"Five Rule Makers: The Fool’s Power Stocks"

August 29th, 2007   by StockGumshoe

This one’s a little bit different, since the Motley Fool is selling not a subscription necessarily, but a special report called “The NEW Rule Makers: 5 Power Stocks You’ll Never Want to Sell.”

Rule Makers is an old term from the Motley Fool lexicon, they’re the ideal evolution from the “Rule Breakers” that Dave Gardner looks for in the Rule Breakers newsletter service (and before that, in his Rule Breakers Portfolio in the late 90s when the Fool really hit its stride and did well with picks like AOL, etc.). If you remember, the Gardners had a pretty popular book back in 2000 called Rule Breakers, Rule Makers … so, we get it, catchy names.

They consider Rule Makers, as I understand it, to be companies that dominate markets and can be held to infinity (more or less) — they set the “rules” for the market and are generally, as far as I’ve seen, large cap growth stocks.

This is also somewhat of a subscription tease, since you can either buy the Rule Makers report for $59 or get it free when you sign up for a $99 subscription to their Stock Adviser newsletter — which is their cheapest and most general newsletter, the one that pits brother versus brother. I’m guessing they’re mostly hoping to bring in more SA subscribers, but I don’t really know.
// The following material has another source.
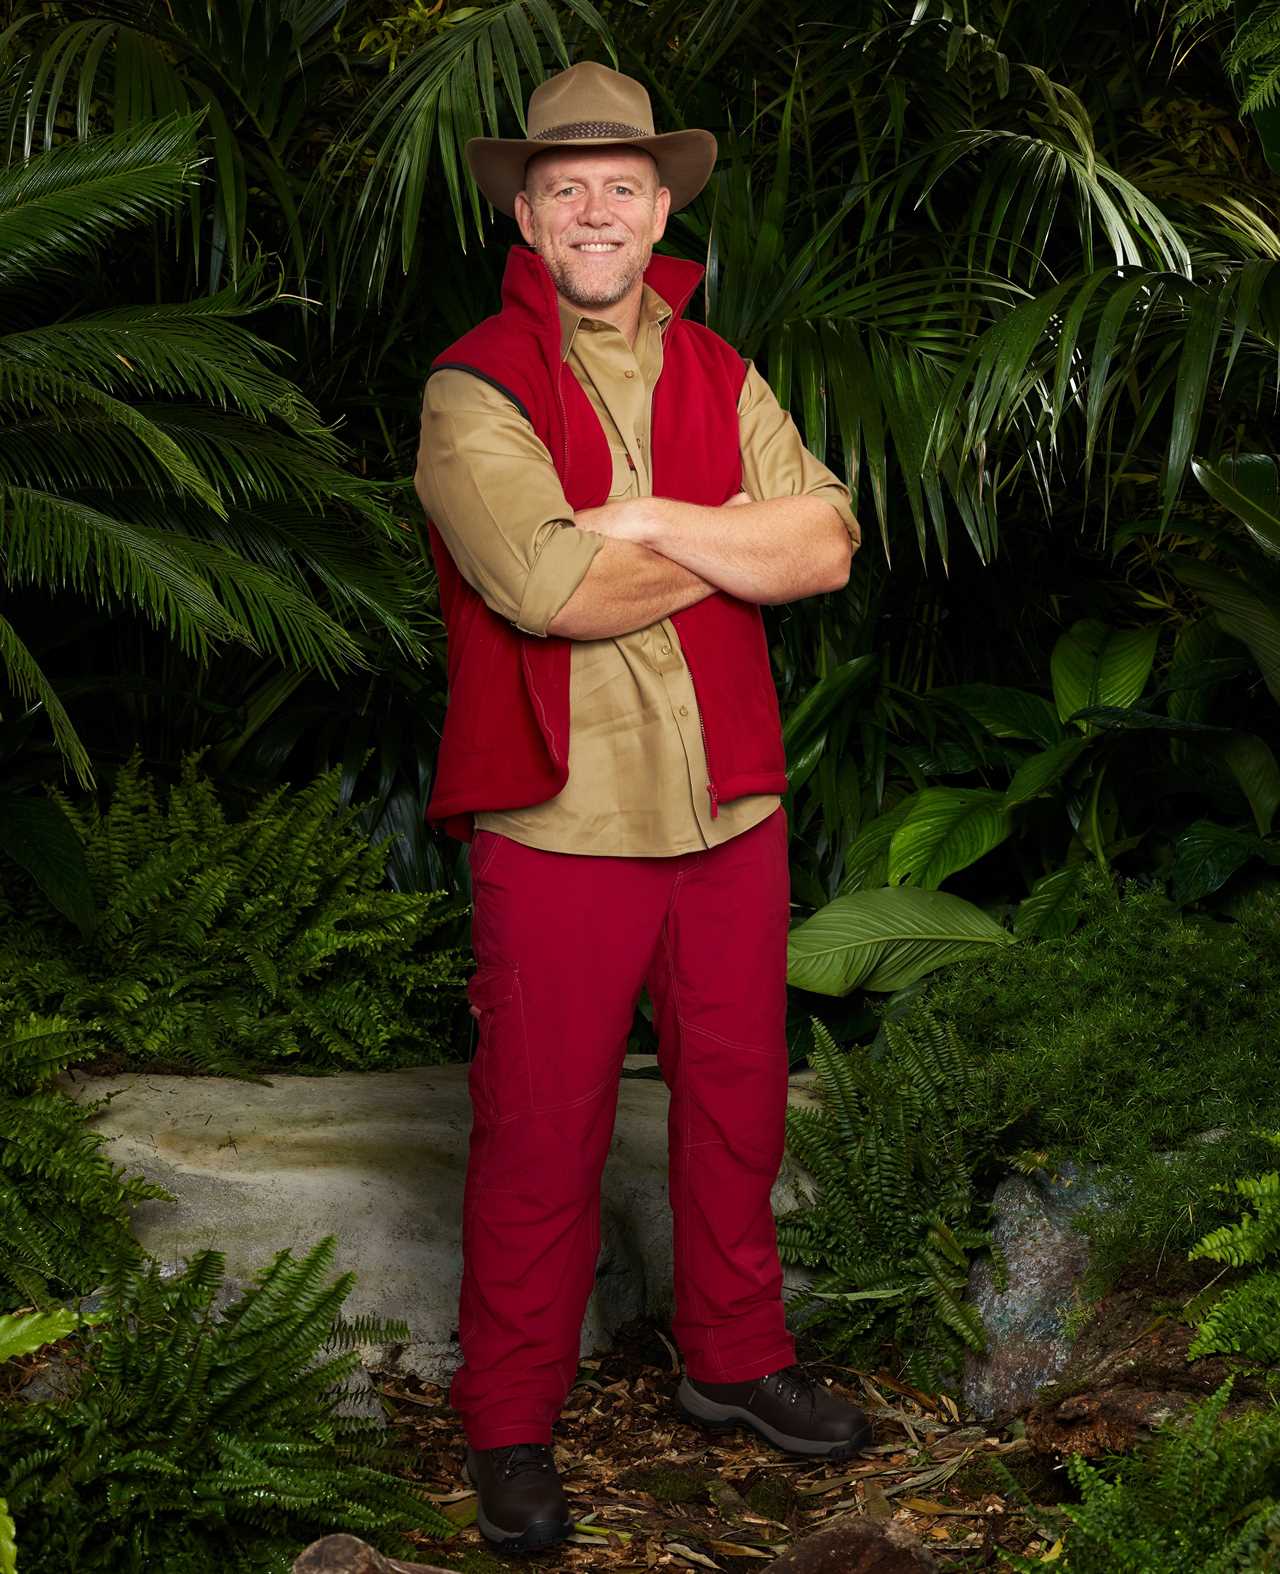 Mike Tindall is competing in I’m A Celeb for cash after work dried up in lockdown, claims pal

But anyway — they do provide some clues for these stocks, so let’s think on them for a bit:

This is how they describe the Rule Makers: “These are true industry leaders that will earn their rightful place in every serious investor’s portfolio by making the rules that lesser companies follow.”

“And today, you can get their names, backed by detailed stock write-ups from our expert analysts, in The Motley Fool’s just released premium report… ” bla bla, I already told you the name of the report.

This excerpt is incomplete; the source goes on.